Заканчивалась записка Богушевича так: «В сентябрьской книжке «Русского слова» довольно ясно высказывается то. направление, которому намерен следовать этот журнал под управлением нового лица, Г. Е. Благосветлова , которому с июля поручено графом Кушелевым-Безбородко заведование редакцией», что «должно вызвать на будущее время особенное внимание гг. цензоров к «Русскому слову».
Четыре дня спустя после этого доклада цензор Ярославцев, пропустивший сентябрьскую книжку «Русского слова», был уволен в отставку, а председателю С.-Петербургского цензурного комитета было предложено объявить лично редактору «Русского слова» или заступающему его место, что «журнал сей неминуемо подвергнется запрещению, если не изменится замечаемое как в целом, так и в частностях его направление, несогласное с государственными учреждениями».
Таким цензурным благословением началась для Благосветлова его журнальная деятельность. Продолжалась она в условиях все более тяжелых.
«Цензура опять начинает бесноваться; в капризах этого дикого божества все зависит от погоды и желудка. Я же не думаю слишком поступаться и, пока достанет сил, не выдам ни одной честной строчки без боя».
«Всю мартовскую книжку перецензуровывал новый цензор, и потому мы опоздали, как никогда не опаздывали. У меня было готово письмо к графу — с просьбой закрыть журнал, если не переменят Дубровского… этого польского лакея, заслужившего общее презрение в Петербурге».
«Цензура поедом ест.
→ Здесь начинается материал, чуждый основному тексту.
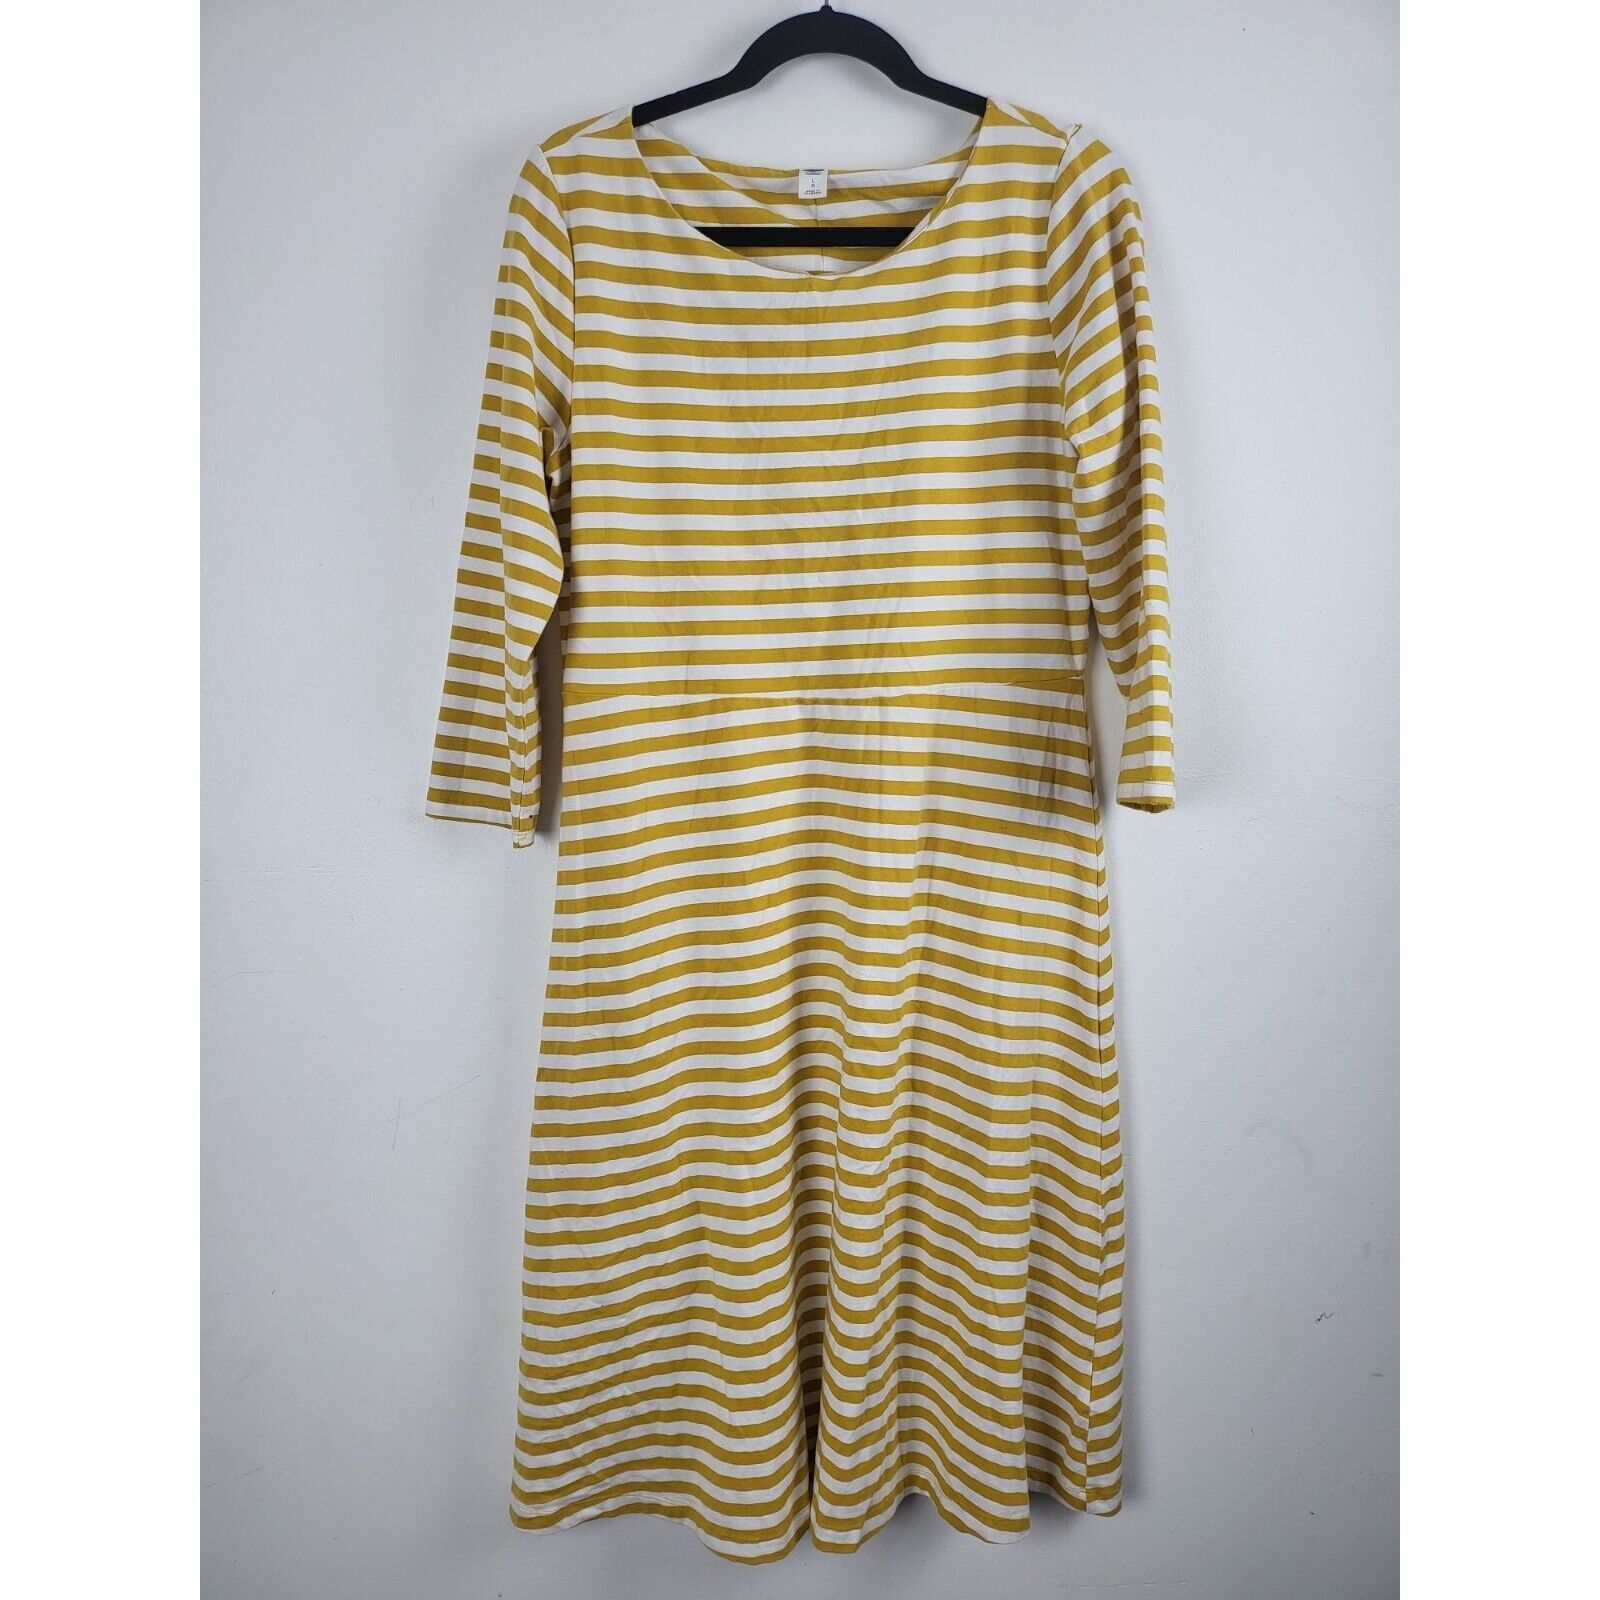 Primary image for Old Navy Long Sleeve Dress Large Womens Mustard White Striped Knee Length Crew
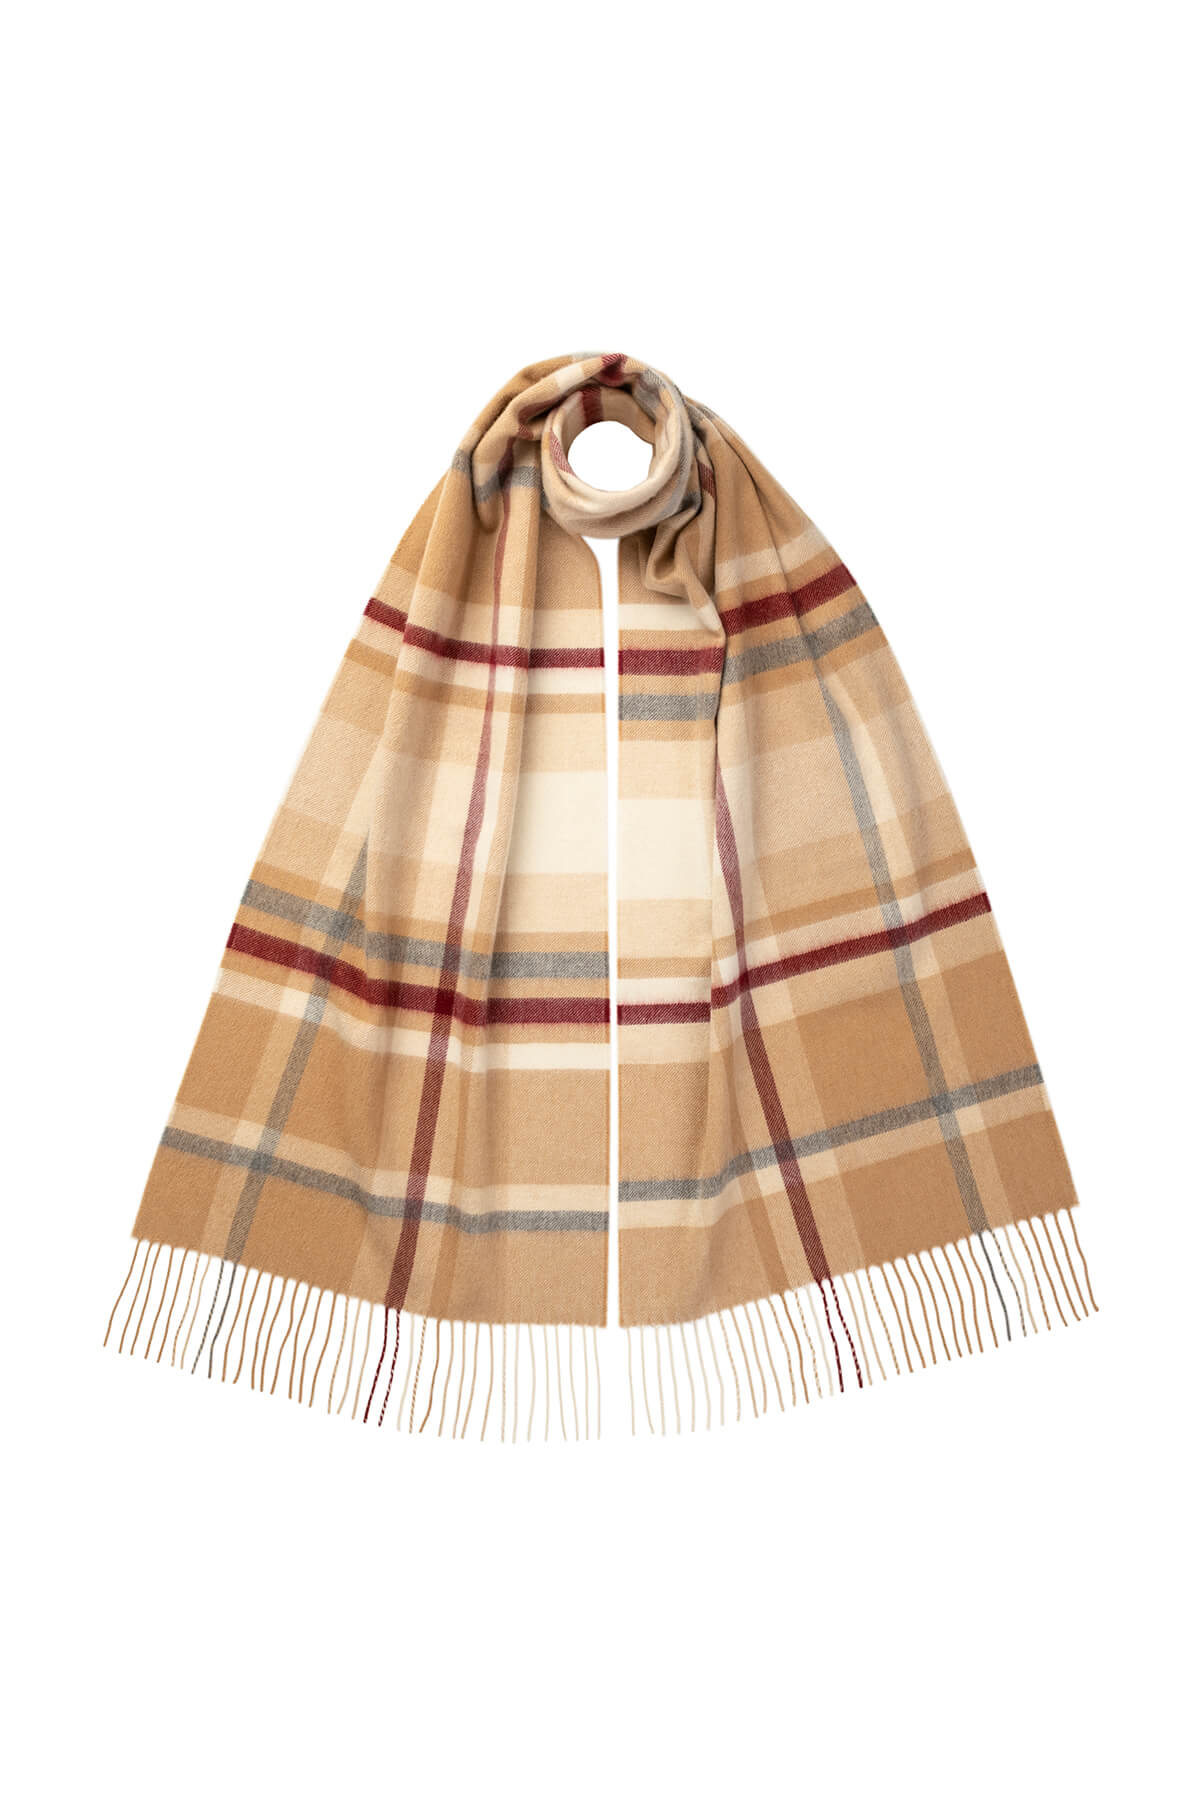 Johnstons of Elgin Cashmere Flannel Check Scarf in Camel on a white background WA000057RU7324ONE

Снова выговор, опять угроза запретить журнал, опять гонение на редакцию. Ноябрьская книжка вышла 8 декабря, чего с нами еще не случалось. И чего только мы не изведали за это время. 12 листов печатных погибло в меотийских болотах цензуры, вся книжка прошла через цензурный комитет; ни одной статьи не осталось целой. Буря, впрочем, улеглась, и мы снова поднимаемся, но как и с какими надеждами? Омерзительно даже подумать… Нет, Опять думаю сослать себя в Западную Европу, в Англию или Италию».
И так без конца. О, как понятны становятся слова Благосветлова, вырвавшиеся у него в письме Мордовцеву от 4 марта 1861 года, — и года не прошло с тех пор, как он принял на себя журнал: «Признаюсь Вам, хуже, пошлее я ничего не знаю редакторской обязанности в нашей журналистике. Много бы можно было сказать об этом предмете, да черт его побери со всей холопской литературой нашего гения. «Русское слово» едва не задохнулось под цензурой г. Дубровского — этого замечательного кретина и подлеца. Не перемени его нам еще два месяца, я бросил бы все и уехал бы в киргизские степи от русской литературы; долее дышать нельзя было. Нам испортили год, и не один Дубровский; это была палка в руках людей того дантова ада, где сочтены все наши помыслы, чувства, вздохи и стоны…»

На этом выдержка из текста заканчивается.